_Supplied material_
_ _ _ _ _ _ _
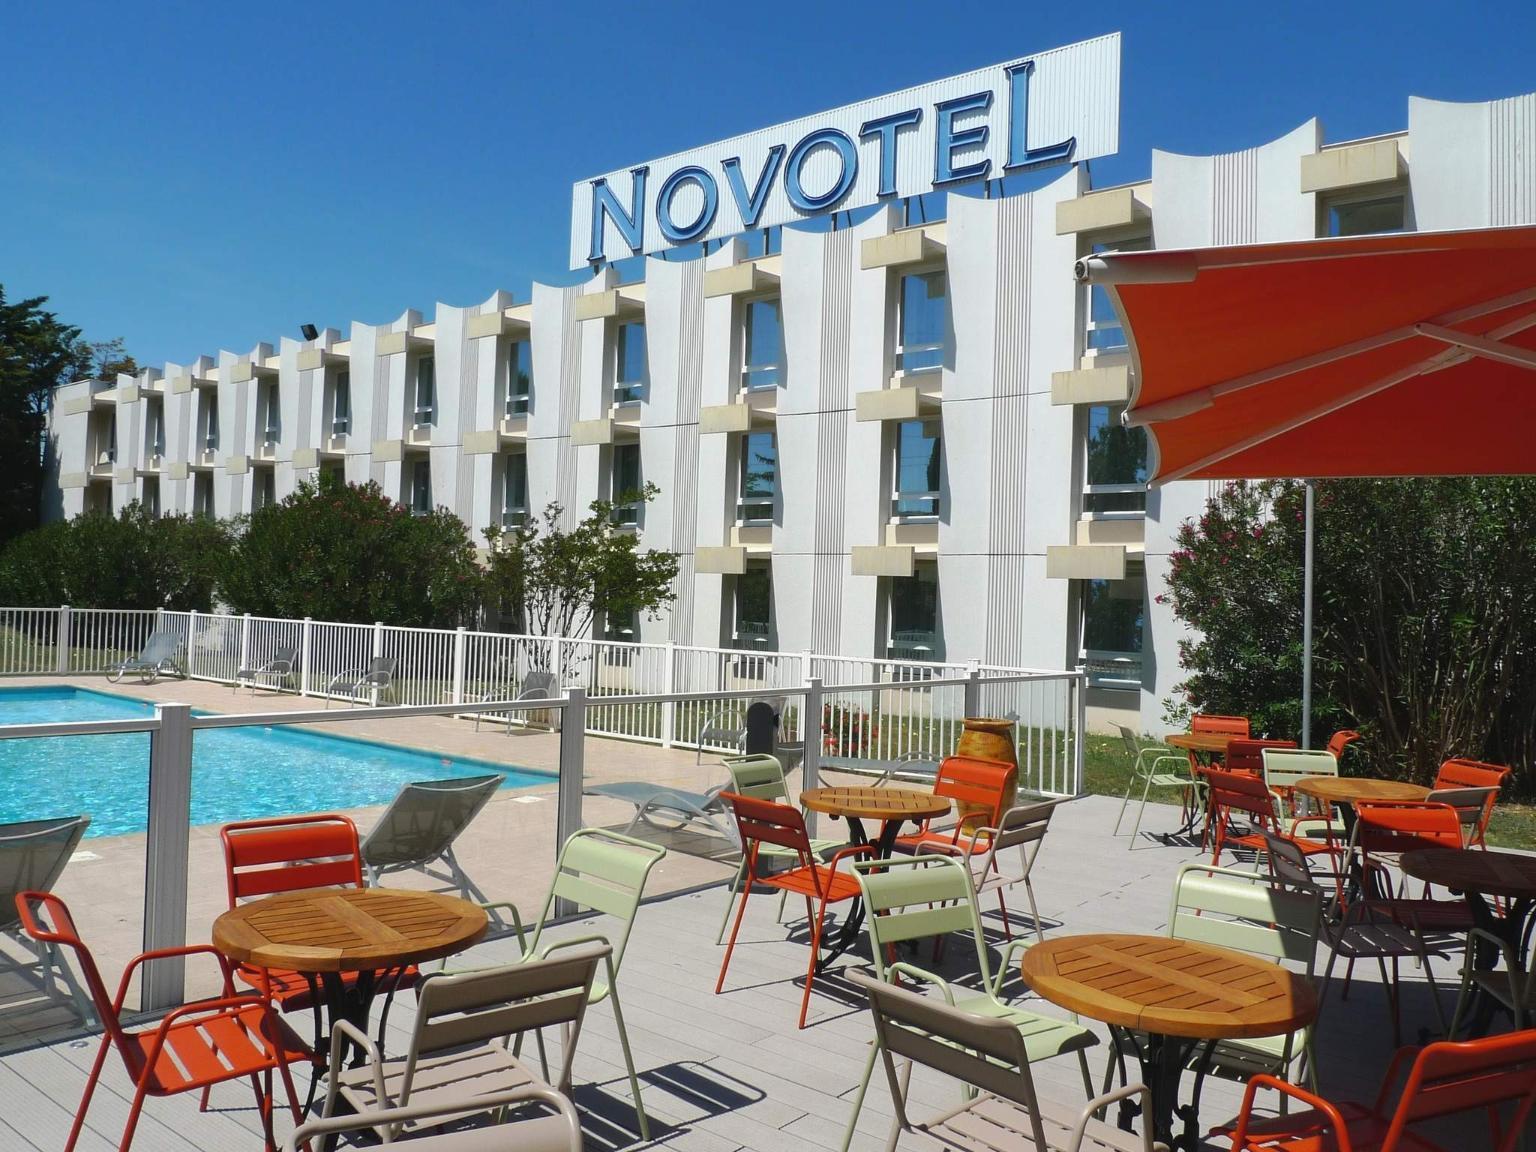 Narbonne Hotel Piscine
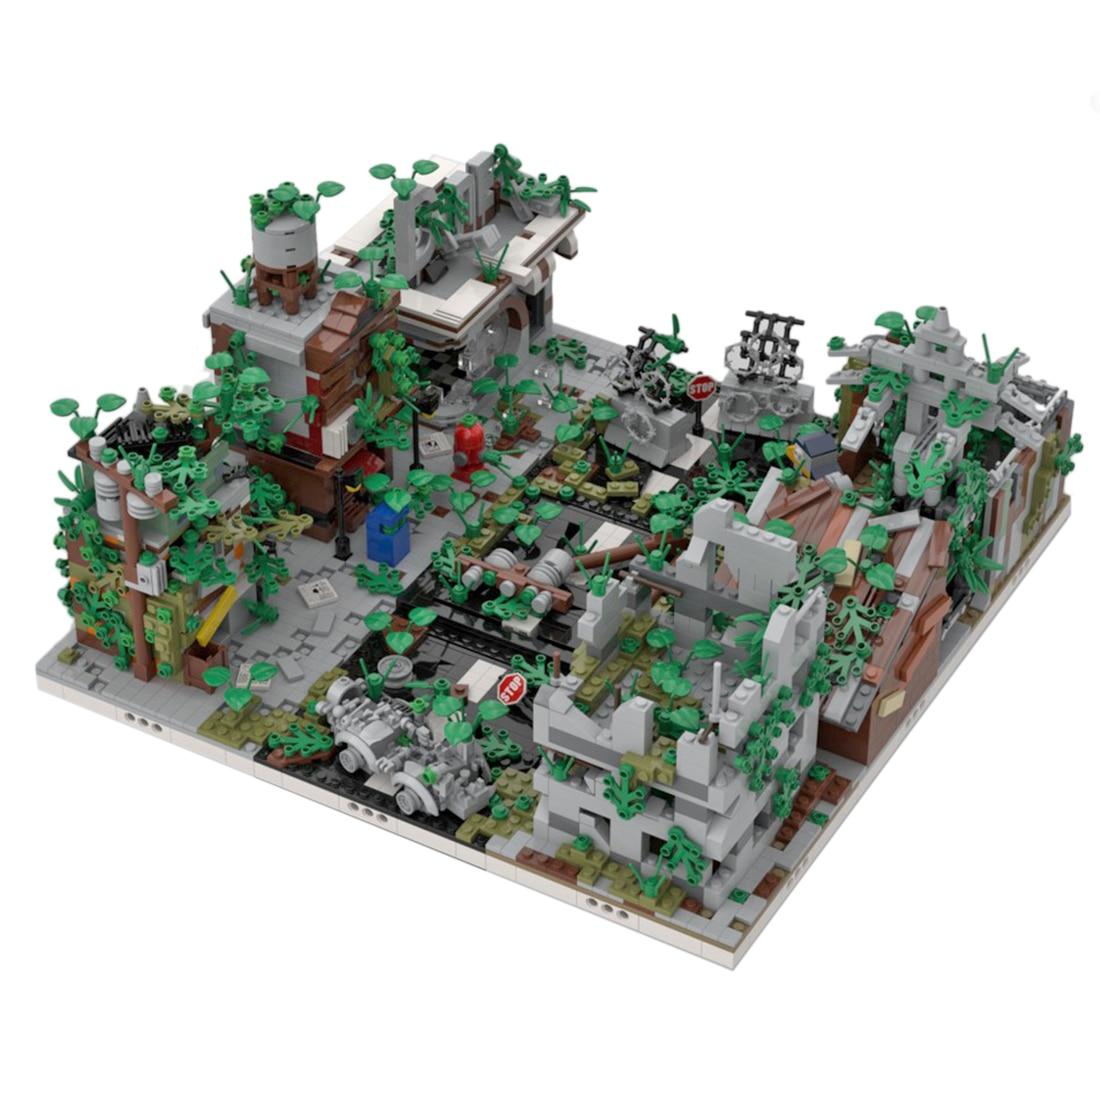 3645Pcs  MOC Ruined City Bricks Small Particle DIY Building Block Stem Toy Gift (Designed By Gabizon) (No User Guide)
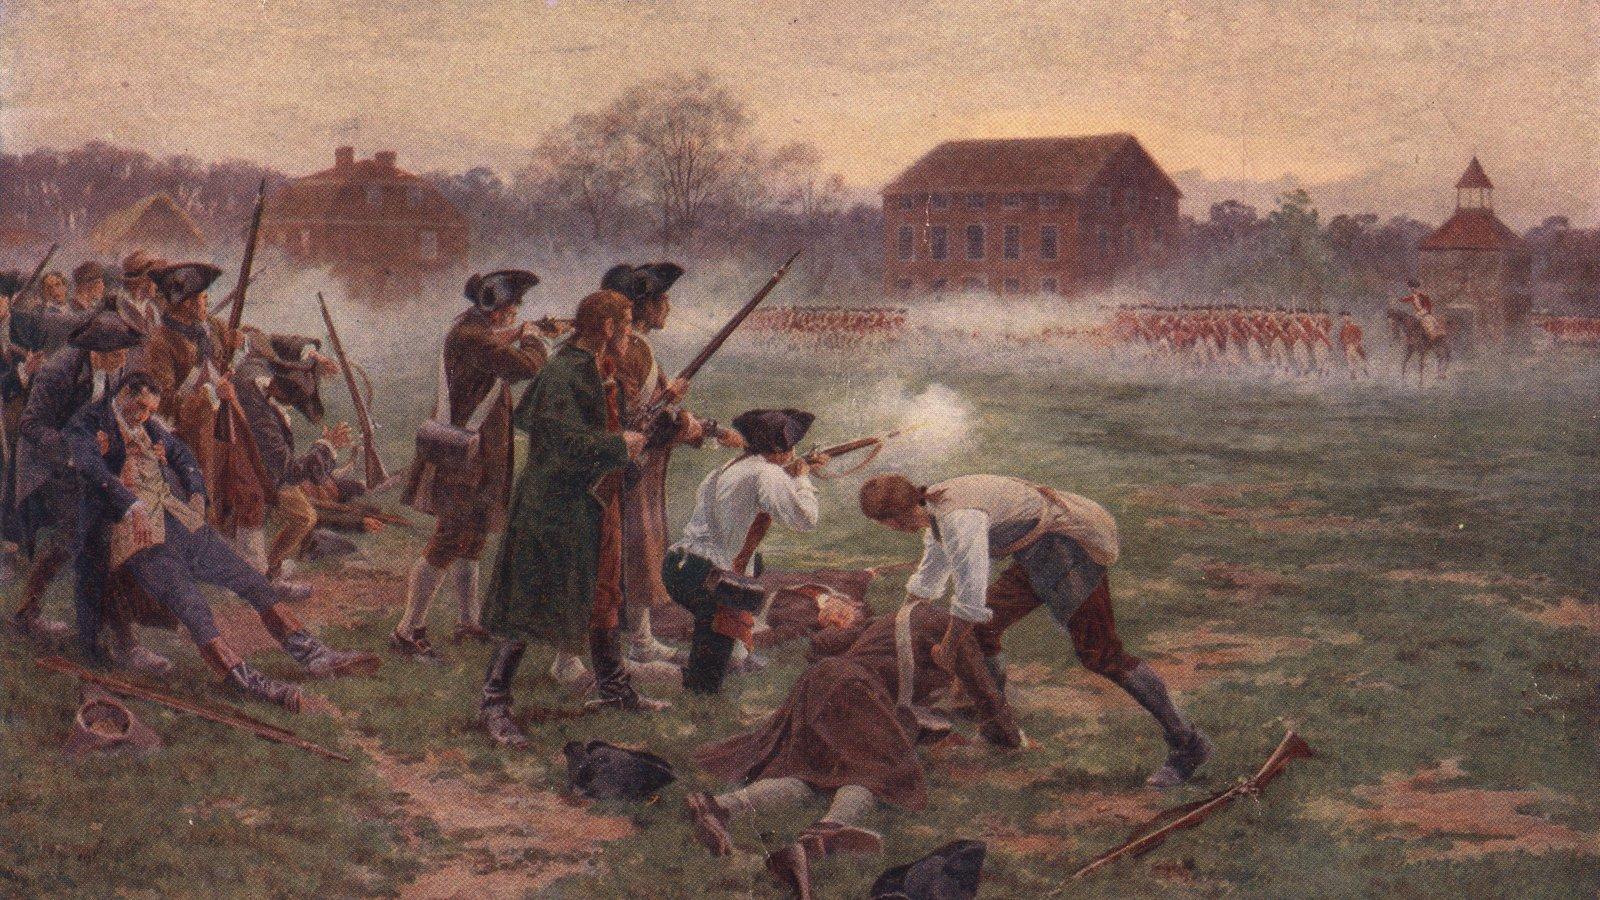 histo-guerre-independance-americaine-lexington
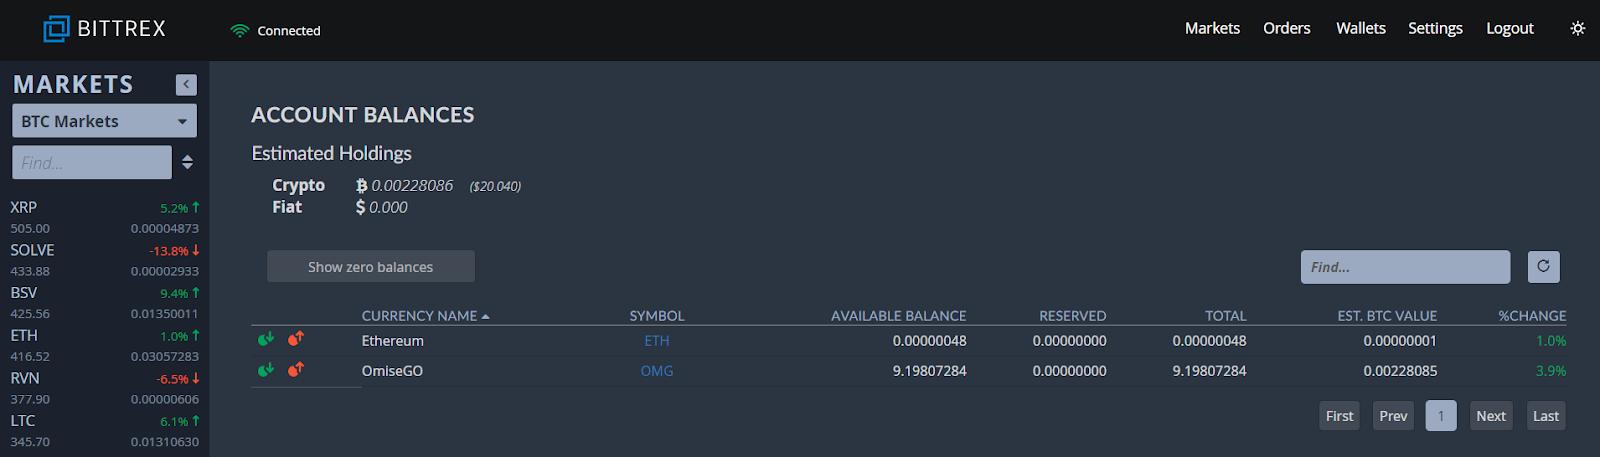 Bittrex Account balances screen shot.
_ _ _ _ _ _ _
_Exercise directions_
Working from the line with "histo-guerre-independance-americaine-lexington" to the last line of the material above, repeat each line exactly and leave out the pictures.

_Response for this exercise_
 histo-guerre-independance-americaine-lexington
 Bittrex Account balances screen shot.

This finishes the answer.